Meanwhile, the combination of Unigram Bigram (UB) and 
Unigram Bigram Keyword (UBK) with attribute selection 
in WEKA achieves the accuracy of 95,94% by using SVM 
as the classifier.

Keywords: text classification, Bag of Concept, Naïve Bayes, 
Support Vector Machine (SVM), J48 Tree

I. INTRODUCTION

In this modern era, the number of information has 
increased massively in the form of text or multimedia 
(sound, images, video, etc.). As the fundamental form of 
data, the researchers highlight text which has been used for 
many tasks such as question answering system (Jovita et al., 
2015), argumentation classification (Desilia et al., 2017), 
and recommender system (Gunawan, Tania, & Suhartono, 
2016).

The evolution of information has also led to 
information overload. Some of the information seems 
meaningless now, but they can be a useful thing in the 
future. One of the best solutions is to use the process of 
categorization or classification of information. In text 
categorization, feature extraction method and machine 
learning algorithm strongly affect categorization accuracy.
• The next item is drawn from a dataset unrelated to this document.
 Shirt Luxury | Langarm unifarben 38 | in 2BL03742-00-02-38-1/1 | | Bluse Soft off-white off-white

According to Ikonomakis, Kotsiantis, and Tampakas 
(2005), one of the solutions that can be offered to face 
problems of massive information is to make the process of 
automatic text classification. Automatic text classification is 
needed as the number and varieties of text or multimedia 
information has grown massively and often unstructured. 
Thus, it becomes less useful if it is not treated properly.
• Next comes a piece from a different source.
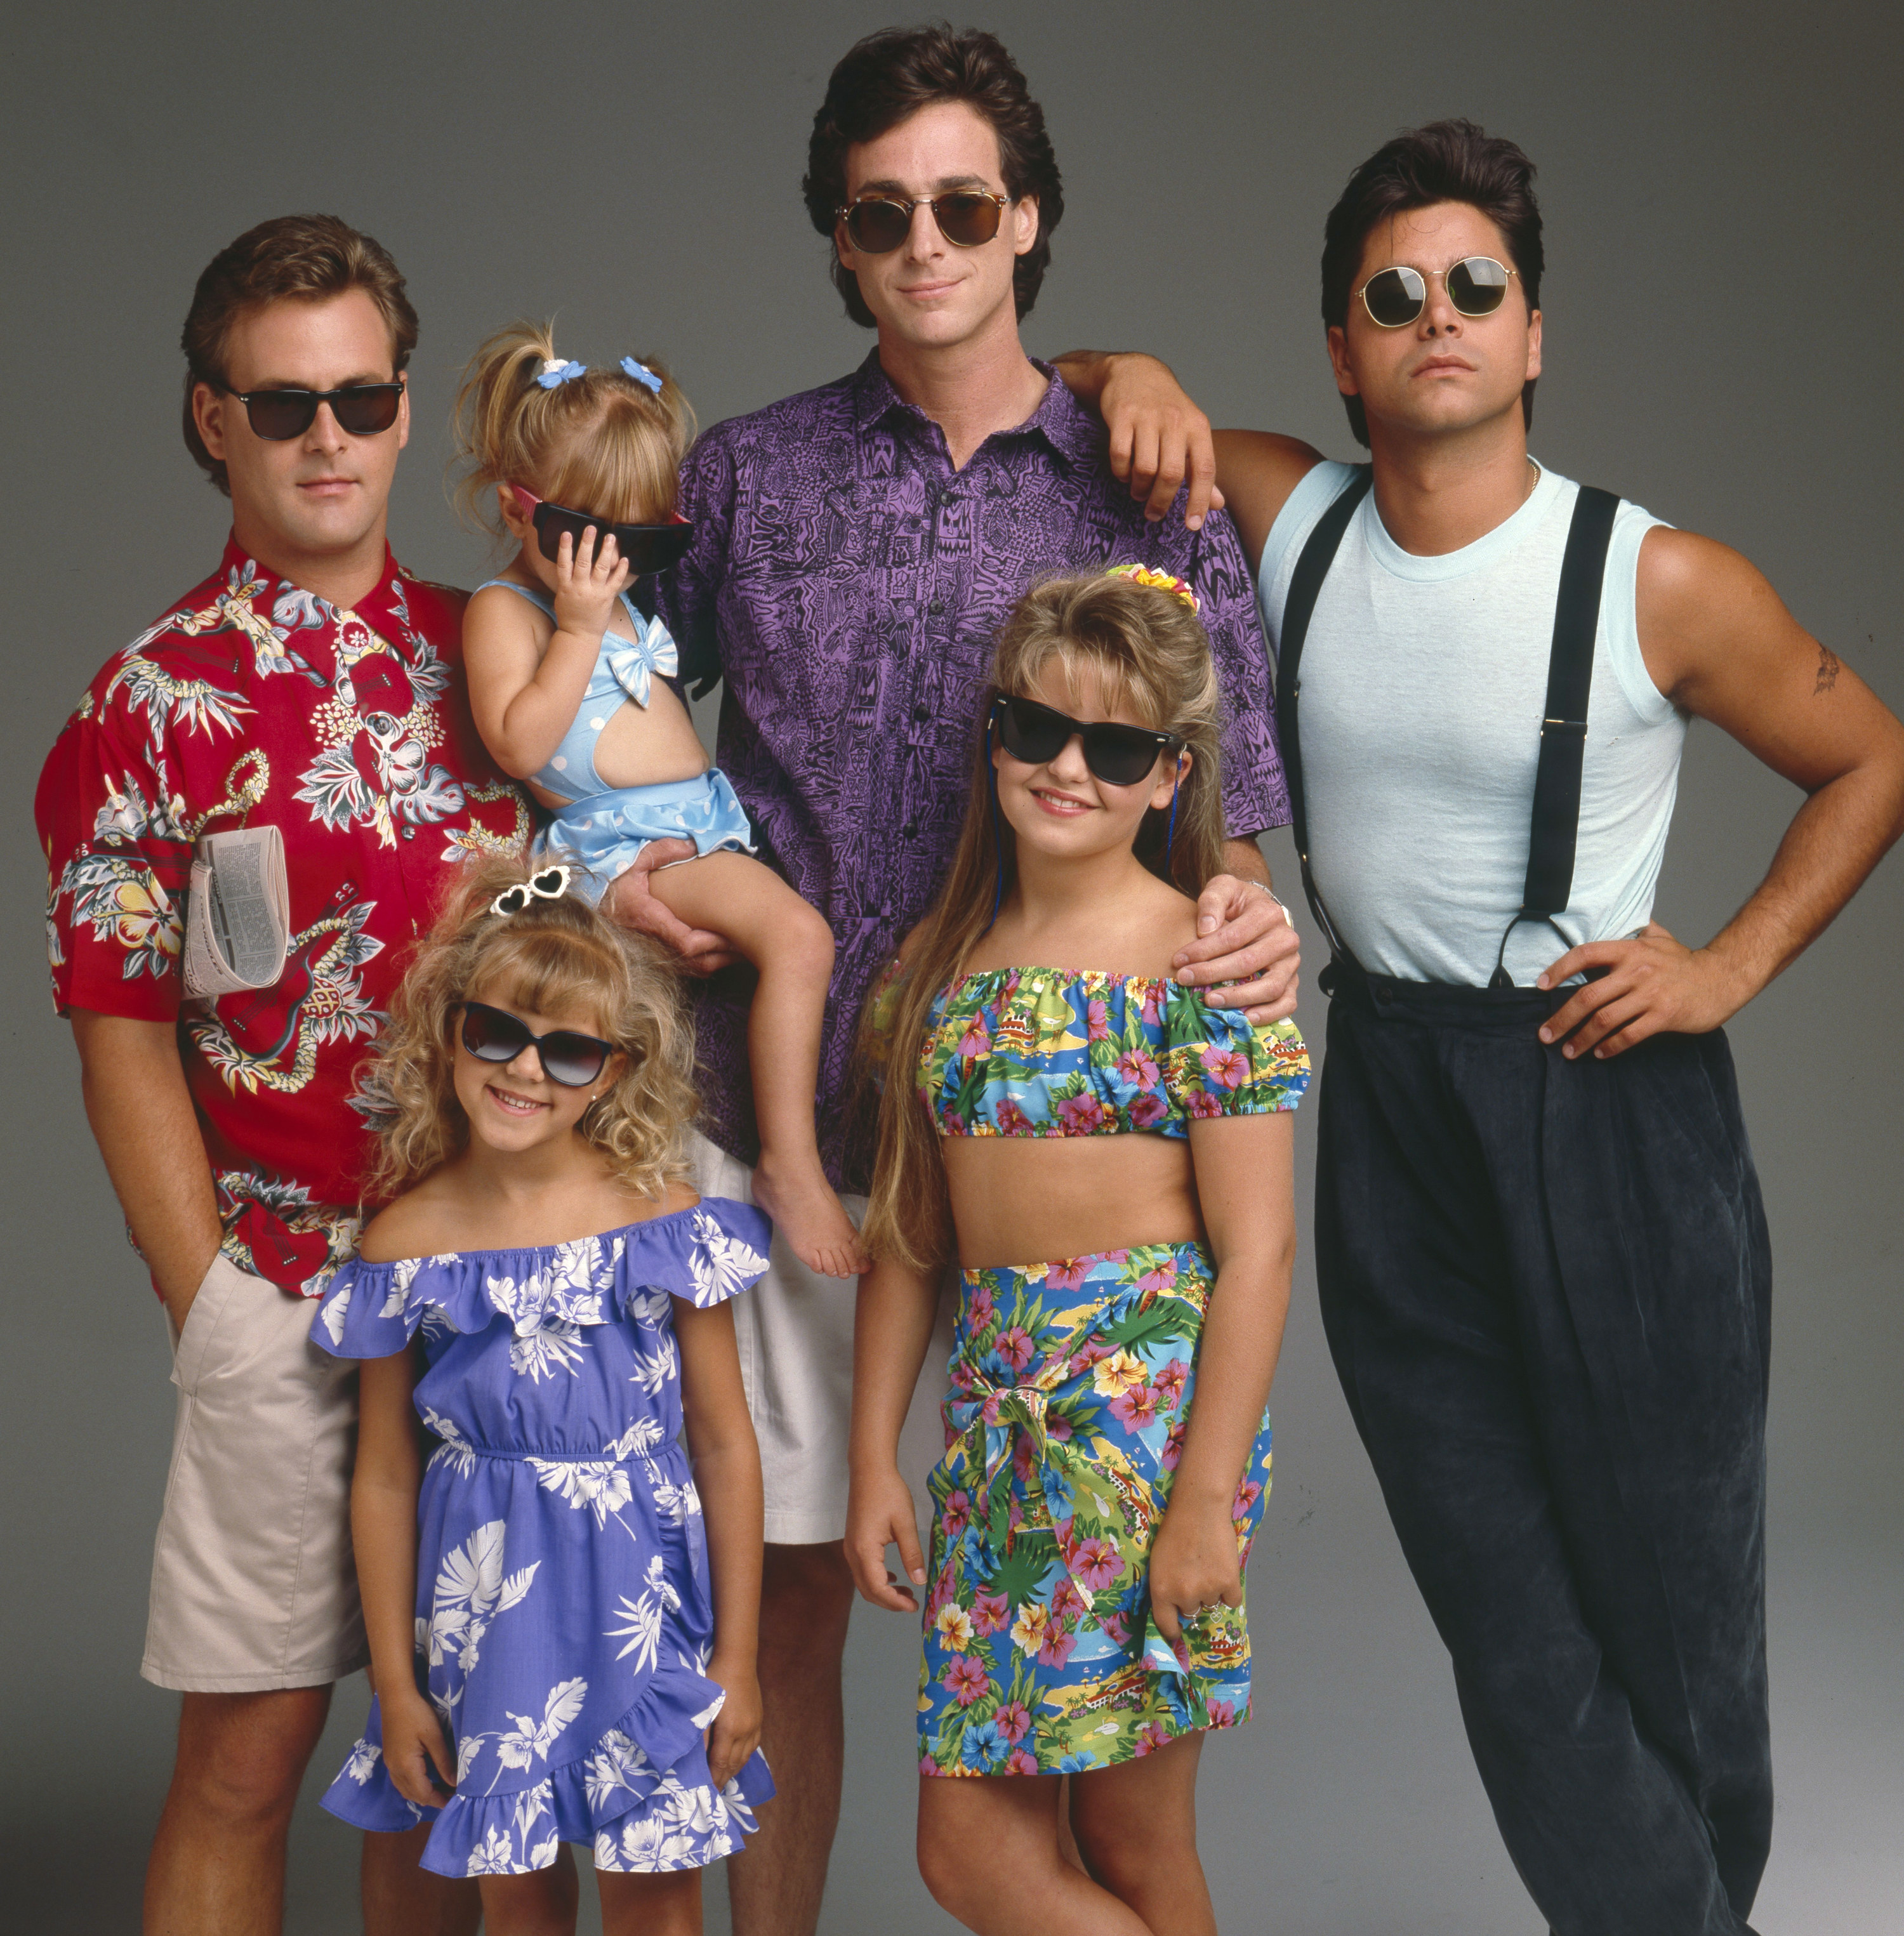 The cast of Full House, including a young Candace Cameron Bure

From the business standpoint, the information 
gathered can be a benchmark and a good guideline in 
determining a company’s policies or changing business 
processes to answer public’s needs. If the information can 
be grouped well, the decision making can create the best 
solution. For example, business leaders can get proper 
information regarding their needs if the news classification 
is defined properly.

In the process of automatic text classification or 
information, some classifiers that can be used are Naïve 
Bayes, Support Vector Machine (SVM), and Decision Tree. 
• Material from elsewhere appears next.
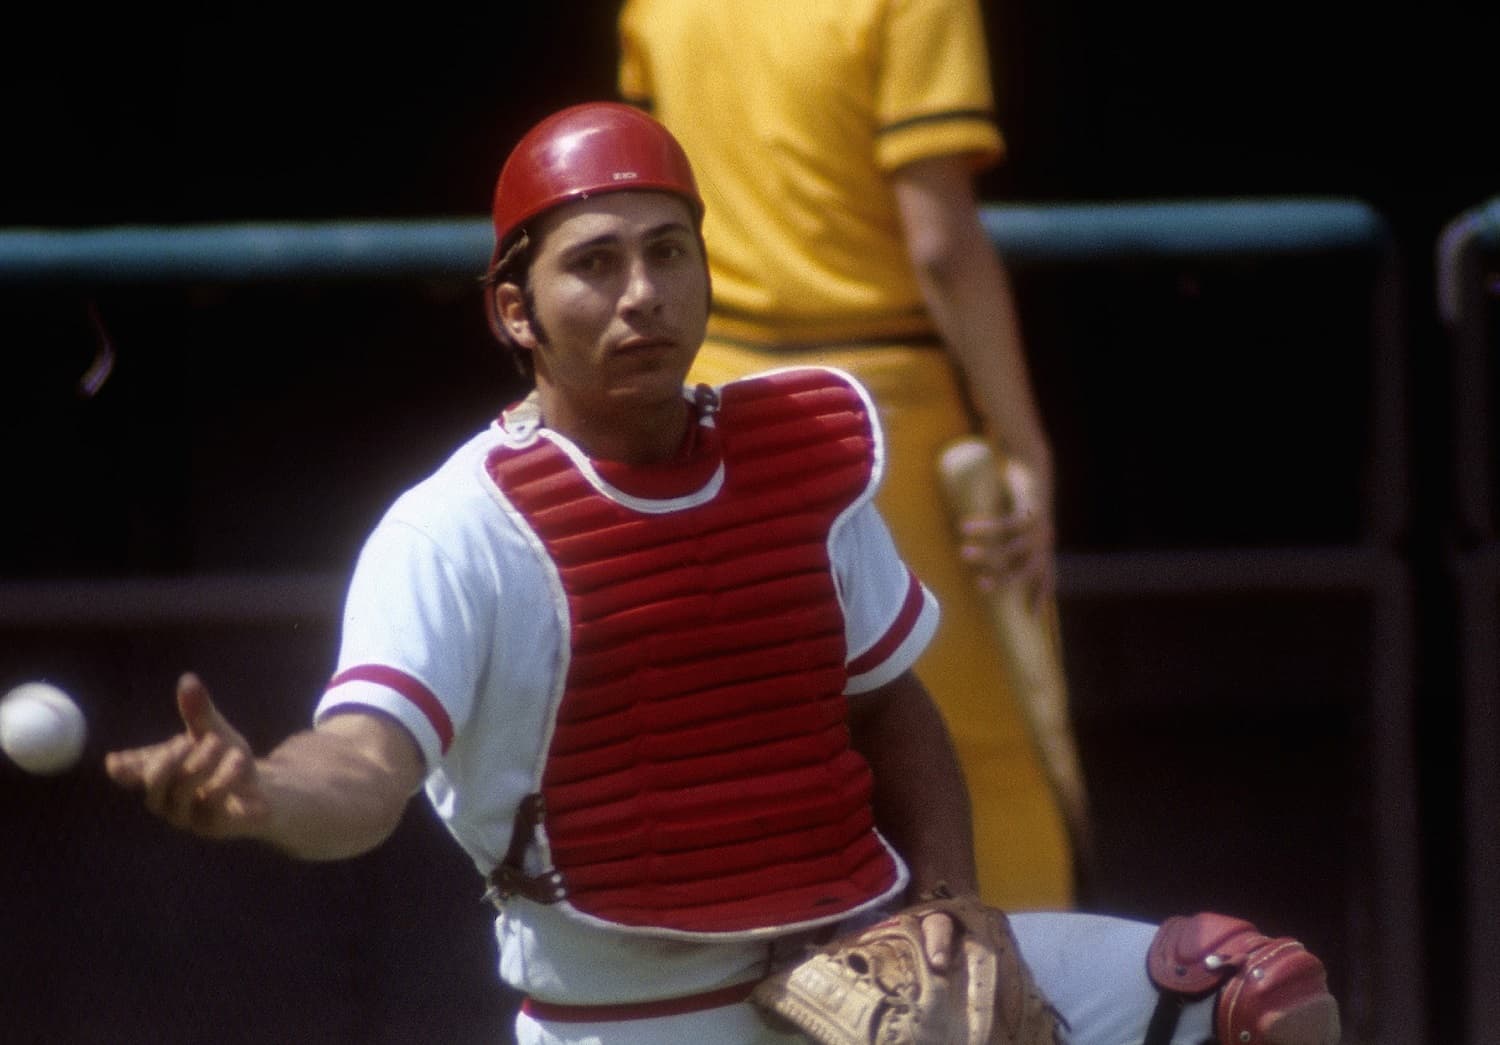 Johnny Bench, an All-Time Great MLB Catcher, Has a Surprising Net Worth

Many linguistic researchers implement these algorithms in 
their research as they perform well. Other than classifier, 
features are very important to describe the characteristics 
of information from various viewpoints. Structural features, 
lexical features, syntactic features, and contextual features 
are defined as group of features in specific task (Stab & 
Gurevych, 2014).

One specific feature which quite succeeds in 
describing the meaning of one sentence is lexical feature. 
The lexical feature is a representation of indicators that 
have been defined previously and associated with the 
word, lexeme, and vocabulary. The word is not tied to any 
other words. The example of the implementation of lexical 
features that are used is the N-gram (unigram, bigram, 
trigram), Bag of Word (BOW), and Bag of Concepts (BOC).

There are several researches that have been conducted 
and associated with automation process of text classification 
using lexical feature. The test accuracy is obtained by 
comparing the implementation of lexical feature. The 
combination of N-gram, BOW, and Bag of stemmed Word 
is also used (Rahmoun & Elberricihi, 2007). The process 
undertaken is to use the corpus of test data derived from two 
sources of data. Those are Reuters and Newsgroups. The 
results reveal that it is the best representation in determining 
the classification of a text derived from N-gram compared 
with other features such representations by BOW or Bag of 
stemmed Word.

Wei et al. (2008) used N-gram feature in Mandarin 
text. They also used a big corpus from TanCorp. It consisted 
of more than 14.000 texts and was divided into 12 classes. 
They mentioned the advantages of using N-gram were 
no word segmentation, and no special techniques and 
dictionary required for the implementation. The experiments 
concluded that bigram is the best feature for Mandarin. The 
experiments also implemented the combination of N-gram 
with 1-, 2-, 3-, and 4-gram that gave the best result, followed 
by 1-, 2-gram, 2-gram. The worst feature was by using 
only 1-gram. Mandarin mostly consisted of only 1 or 2 
characters. Some of the Chinese scientifics’ names consisted 
of more characters that made the combination of N-gram 
gave a good result in text classification process.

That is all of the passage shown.